Recently, I’ve had a few posts on head-to-head effects. The biggest takeaway was one we probably all knew going in: Head-to-head effects may exist, but good luck finding them. With so many small sample sizes for most head-to-heads, we need a way to group ‘similar’ players. In this post, I look at whether categorizing players by playing style might be possible using basic match stats.
When Roger Federer faced John Isner in the finals of the Miami Open last week, many in the tennis world were surprised to find that the two had not played each other in a tour-level event since 2015. But infrequent meetings among top players is more the rule than the exception. It is one of the unfortunate realities of the structure of professional tennis (though, honestly, I am not sure I would want to see Isner play that much in finals).
Sparse head-to-heads are also one of the banes of existence for tennis modellers. We are often tantalized by the idea that ‘matchup’ will give us that extra boost to our performance models only to struggle to find a way to reliably measure these elusive effects.
In statistics, there is a common concept of “borrowing strength”. This is the idea that we can learn more about what a piece of data is when we look at it with similar data. It sort of like when you seeing family members side-by-side you realize that it’s that nose or that chin that makes them so distinctive. Pooling similar data in statistics can have the same end—helping us see more clearly what are a thing’s defining features. This is exactly the kind of solution matchup effects in tennis need.
If pooling is really about putting similar players together, we need to have a way to gauge player similarity. What would it mean to say two players are similar? Well, it could be any number of things. But, if our purpose is to understand matchup effects, we really want to focus on players with a similar playing style.
The difficulty is no one knows how to quantify style. Like so many of the most interesting parts about tennis performance, style is one of those things that we know exists but we just don’t know how to measure it.
Ideally, style would take into account a player’s shot choice and results with each shot type. But even those basic elements aren’t something we can easily get at with public data, at least not consistently for most top players.
Basic match stats— first serve in, return points won, etc.—are the most detailed information we can get for the majority of matches and professional players. For the most part, these would seem pretty limited in what they could tell us about style. Most match stats are most directly related to a player’s relative ability compared to their opponent on the day.
But, for helping to categorize style, would it be too hasty to write off match stats entirely?

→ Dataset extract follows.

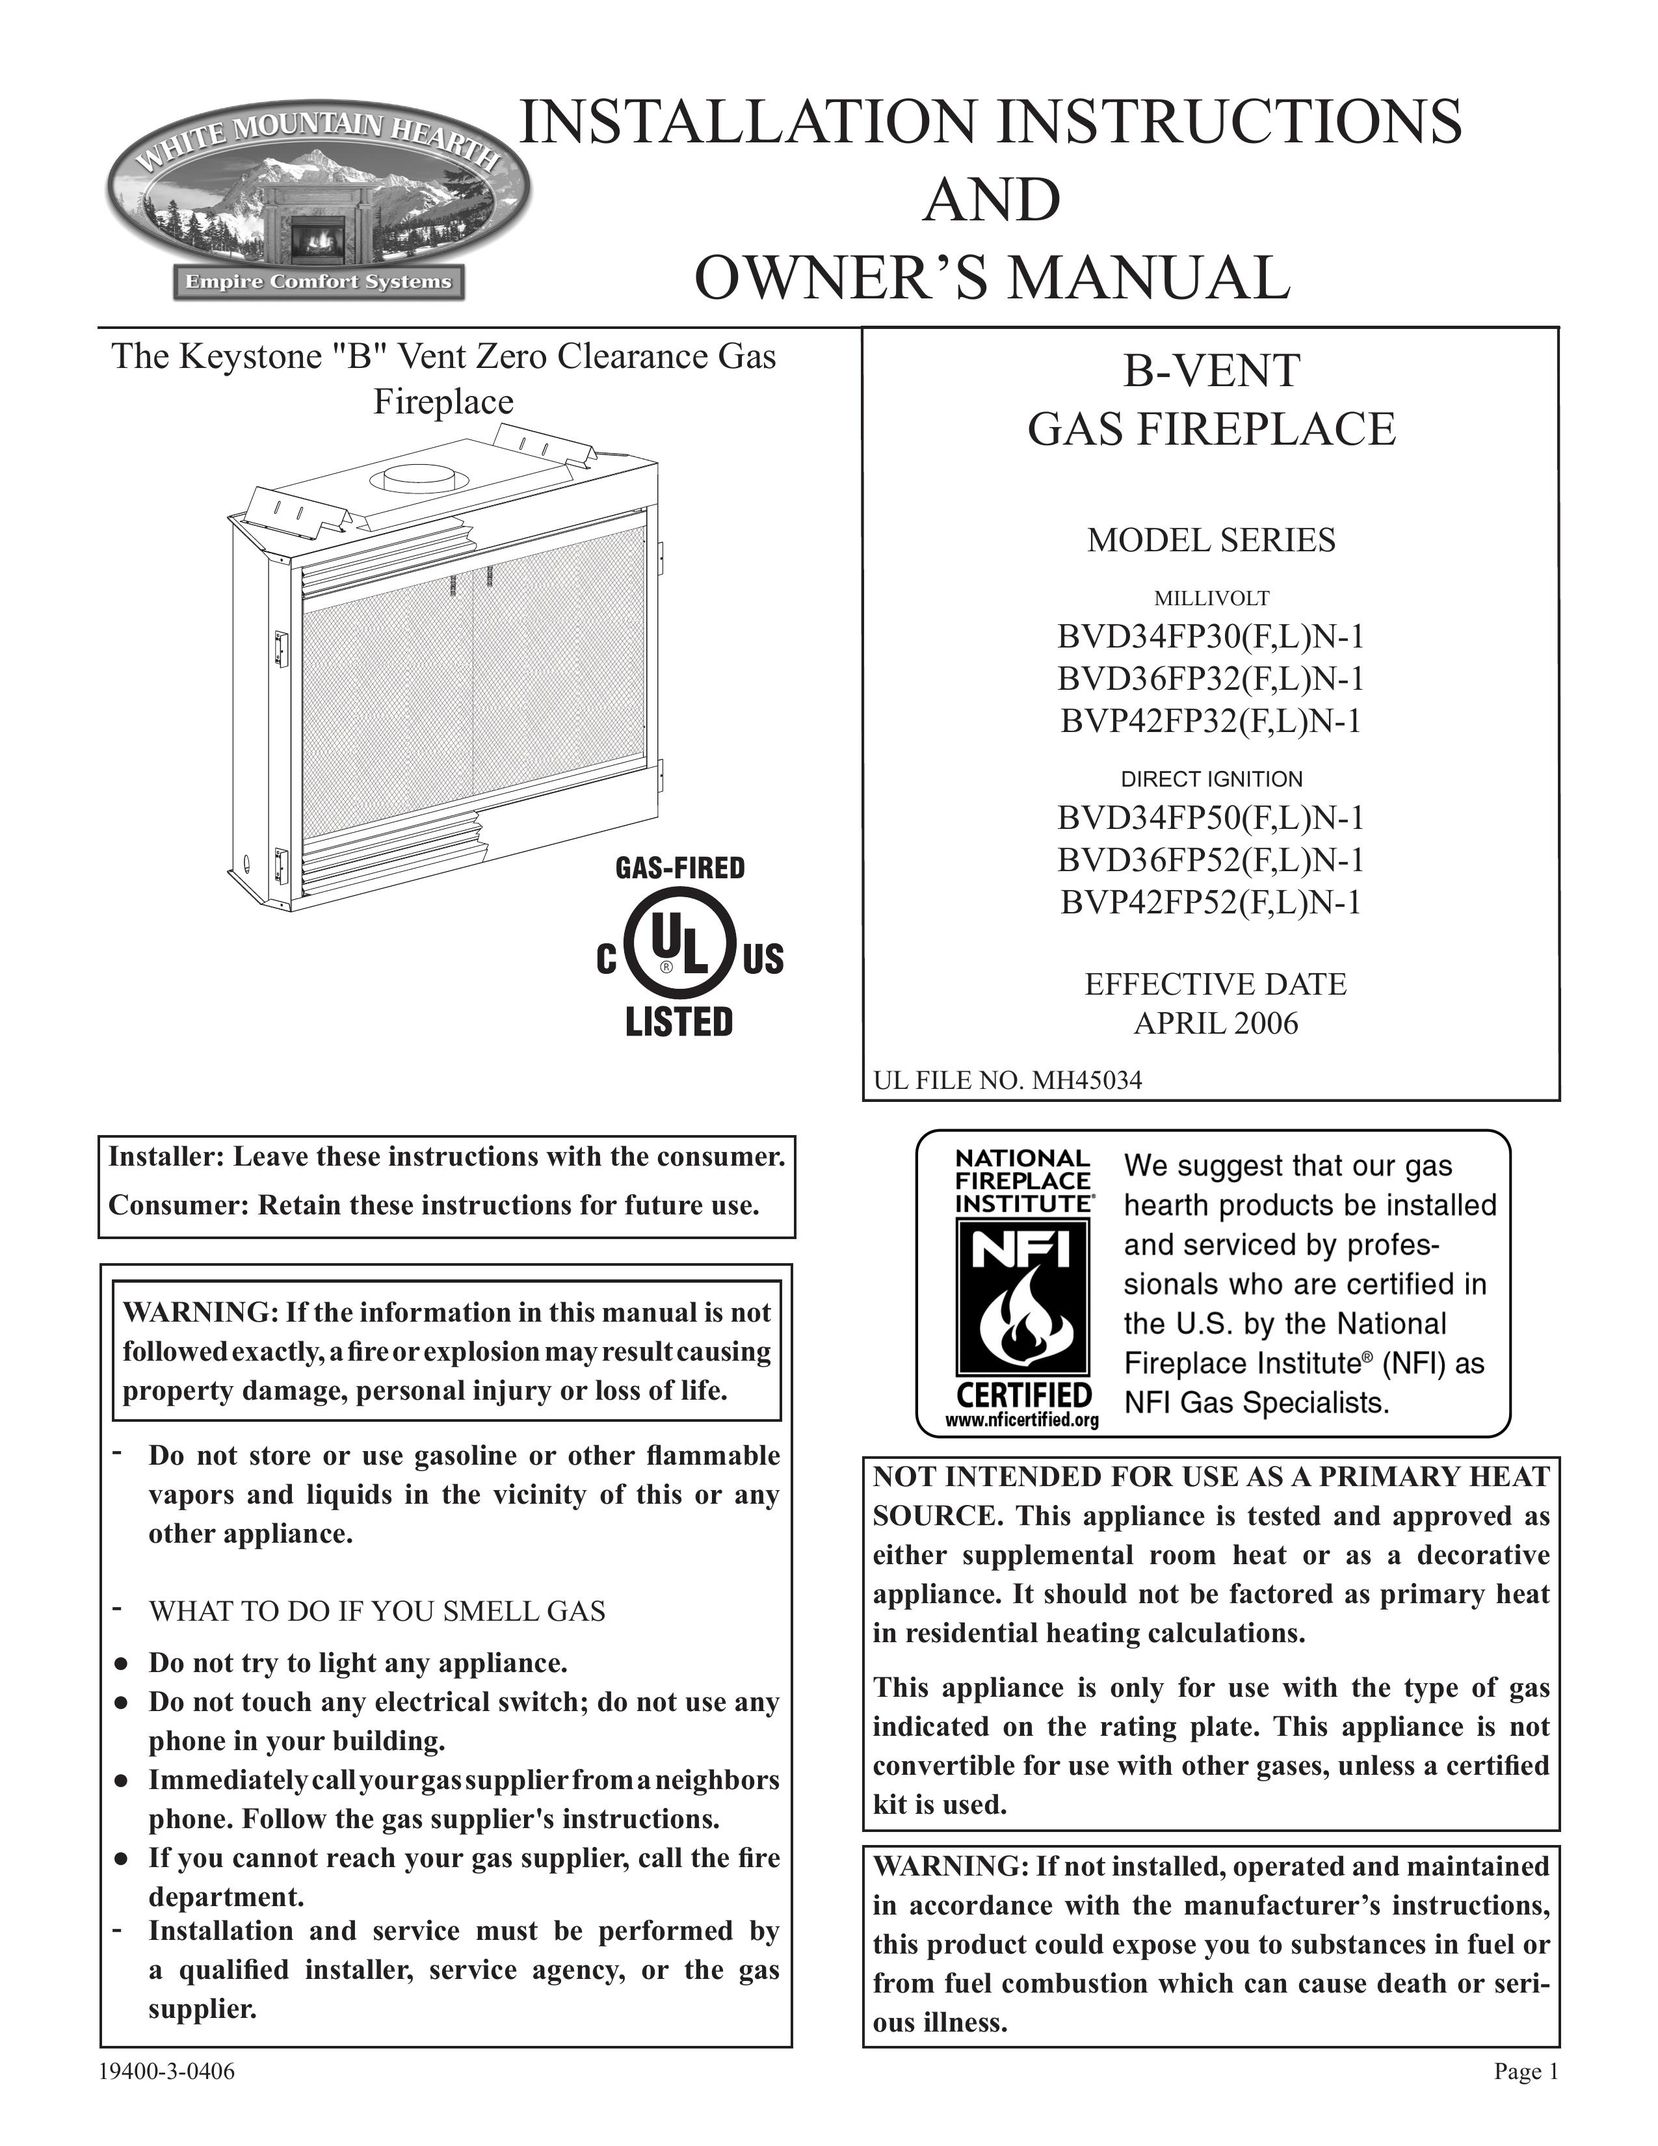 Empire Comfort Systems BVP42FP52 Indoor Fireplace User Manual

I am not so sure. There are some measures in there after all, like aces and double faults, that are products of a player’s serve technique and risk-taking that should in theory be under the control of the server. Match duration is also another match stat that should be closely tied to how much a player likes to rally.
As an initial experiment, I took a look at what ace rates and minutes played per point might reveal about player similarity. Because we are interested in a player’s tendencies apart from their opponent’s’, I’ve used a mixed model to calculate an average rate for each player on each surface for matches played since 2017. I’ve limited the sample to players who made appearances and two or more Grand Slams, so thought it should give a group that has seen a similar mix of opponents over that time period.
Here is what we find for ATP players. The first thing to notice is that there isn’t a strong correlation between the ace and minute effects. I went into the analysis thinking that players with an above average number of aces per points served might also play quite quickly. Although that is the general tendency, the relationship is fairly modest.
I’ve highlighted the 2% of effects that are the most extreme. On the high-end of the ace rates, this picks out the usual subjects: John Isner, Reilly Opelka, and Ivo Karlovic, for example. That confirms that the ace rate effect seems to be doing something sensible in getting at the overall power of serve and not simply overall winningness on serve, as, for example, we see Rafael Nadal below average in the ace rate category despite being one of the most effective at winning points on serve.
Yoshihito Nishioka is on the opposite extreme in terms of aces. At 5 ft 7 in, Nishioka is much shorter than the average slam player, which could account for his position in this chart.
In terms of minutes, it is notable to see Andy Murray, Rafael Nadal, and Novak Djokovic appear among players with some of the longest durations per point. This is consistent with their characterisation as grinders. On the other hand, players who play unusually fast and aren’t among the biggest servers include Dustin Brown and Florian Mayer. These could be examples of players with an aggressive style of play whose serve isn’t a huge weapon.
The extreme cases point out some players that are more like some than others. We can get at this in a more systematic way with clustering. As a simple start, let’s consider what a k-means clustering on the hard-court effects would suggest. The pattern in the error within cluster suggests that six groups would be the least complex way of cutting up the data to get close to the minimum within-group variance possible.
The figure below shows how those clusters would relate back to the ace rate and minutes played effects. It shows well-separated groups that would could easily give a meaningful label to, in terms of their particular combination of intimidating serve and pace of play.
Two attributes isn’t enough to get at all the nuances of style we would like to. This has been only a small experiment, but I think it reveals some promising possibilities. Can we classify all facets of style from basic match stats alone? Probably not. Can we classify some major categories of style? Maybe. At least, I am more convinced of that possibility now than I was before seeing these results. Which means there may yet be hope for a style-based approach to estimating matchup effects.